Book or no book?

Ed Husain takes Ayaan Hirsi Ali to task.

Just as Wahhabites and Islamists bypass scholarship, context, and history in the name of “returning to the book”, Hirsi Ali and others such as Robert Spencer and Ibn Warraq commit exactly the same error…Let’s take the question of apostasy. At an Evening Standard debate the other night, Rod Liddle had no qualms in declaring Islam, with a barrage of other baseless abuse, “a fascistic ideology”. Why? Because the Qur’an commands the killing of those who abandon it…[T]here is no verse in the Qur’an that calls for the killing of apostates…There is no stronger argument against religious fanatics than to illustrate the scriptural weaknesses of their case.

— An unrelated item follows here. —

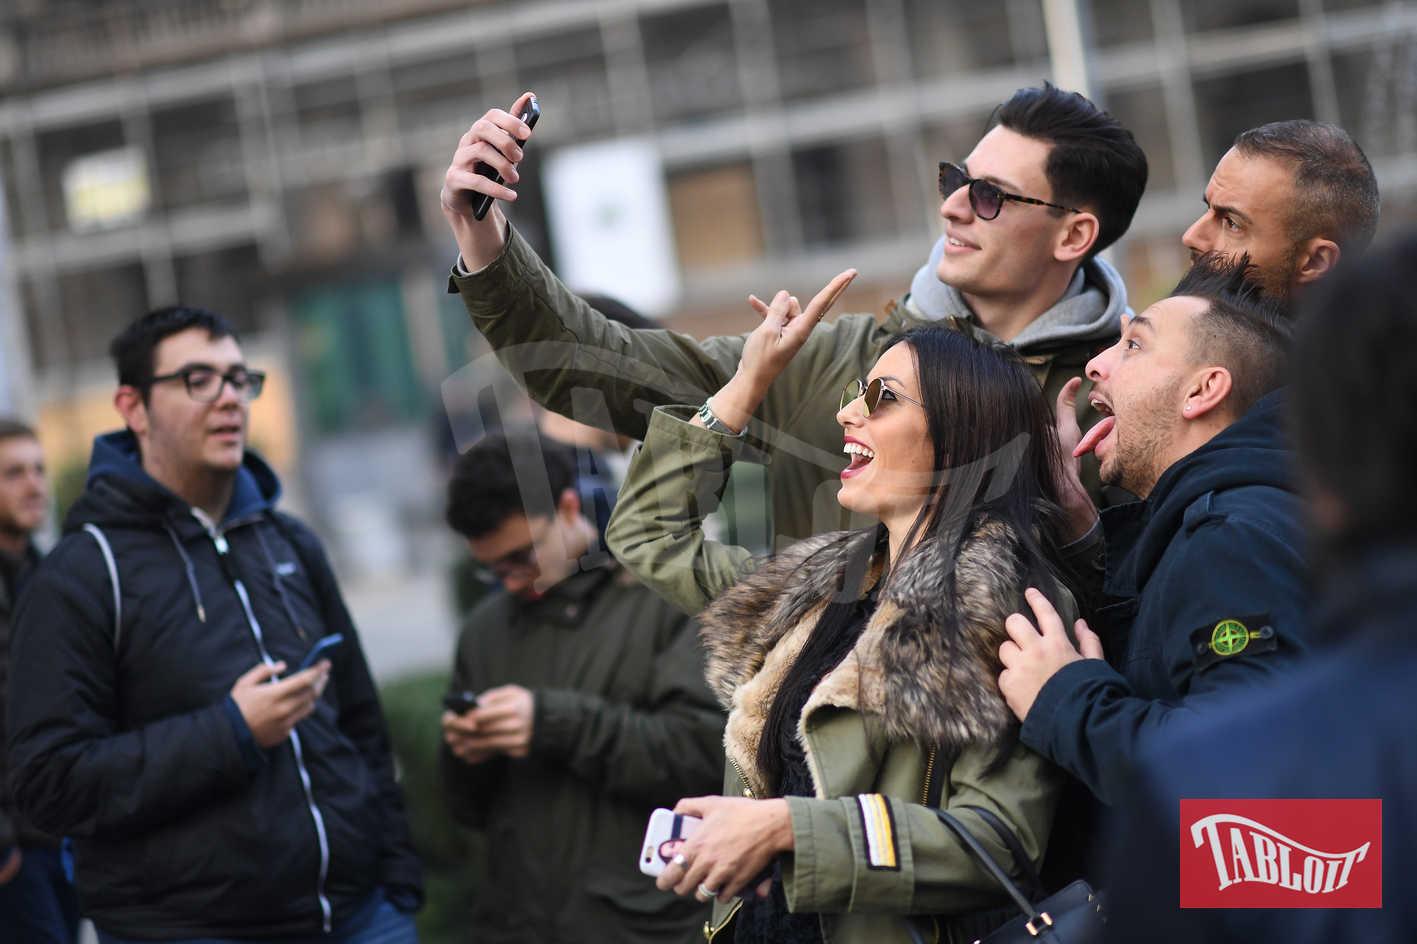 Elisabetta Gregoraci è la new entry del karaoke di 105 Take Away. I conduttori si divertono e interpretare (a modo loro) alcuni brani celebri

Well, maybe so, when you’re dealing with religious fanatics, but that still leaves you with the problem of having to argue over what’s in a 1400-year-old book – it still leaves you with the problem of worrying about what ‘scripture’ says instead of about what is best for human beings in the light of current knowledge and accumulated understanding and moral insight.

When ex-Muslims such as Hirsi Ali ignore the nuances, complexities, and plurality inherent within Islam…then she plays into the hands of extremists and allows their discourse to dominate one of the great faiths of our world. Worse, it creates a public space in which attacking all Muslims and Islam becomes acceptable, even fashionable.

Attacking Islam is and should be acceptable, and even fashionable. Attacking all Muslims of course should not, but attacking Islam (and any other religion) should. Attacking people is bad, attacking ideas and beliefs is not.

Timothy Garton Ash is also pondering the issue.

When a Muslim letter-writer in yesterday’s Guardian tells us, with the aid of Qur’anic references, that Islam, properly understood, supports “the vital principle of freedom of speech”, what possible interest have we non-Muslim liberals in arguing against him?

None in arguing against his support of free speech, certainly…but there are risks in basing that support on claims that the Koran is really liberal after all, because there are always going to be plenty of people who will offer up different Koranic references to support the claim that it’s not.

Nick Cohen disputes Garton Ash’s view.

Garton Ash met Hirsi Ali at an electric meeting in London on Wednesday. Unlike Buruma he had the good sense and good grace to think again and he gave her a public apology. Nevertheless, he stuck to the argument that there was no point in liberals treating her as a heroine because her abandonment of Islam and embrace of atheism meant her arguments carried no weight with Muslims. Instead he told us to encourage those Muslims who reject the stoning of women because they dispute its scriptural authority. Religious debates about whether the Prophet Muhammad really approved of stoning may be ‘gobbledegook’, but, he cried, ‘We must support gobbledegook that is compatible with liberal democracy.’

Well there’s a stirring call. There are risks either way, so I’m not attracted to the ‘support bullshit’ version.

I’m not sure how he can be certain that Hirsi Ali has no influence. How does he know what seeds she is planting in the minds of Muslim women? I know one former jihadi who thought again after reading Salman Rushdie…Ayaan Hirsi listened to Garton Ash and had two questions. If liberal secularists, like my heckler, didn’t have pride and confidence in their principles, why should they expect anyone else to take them seriously? And if, like Garton Ash, they turned away from democrats and insisted on treating European Muslims as children who can only be spoken to in the baby language of gobbledegook, what right did they have to be surprised if European Muslims reacted with childish petulance rather than the broad-mindedness of full adult citizens?

Two damn good questions, if you ask me.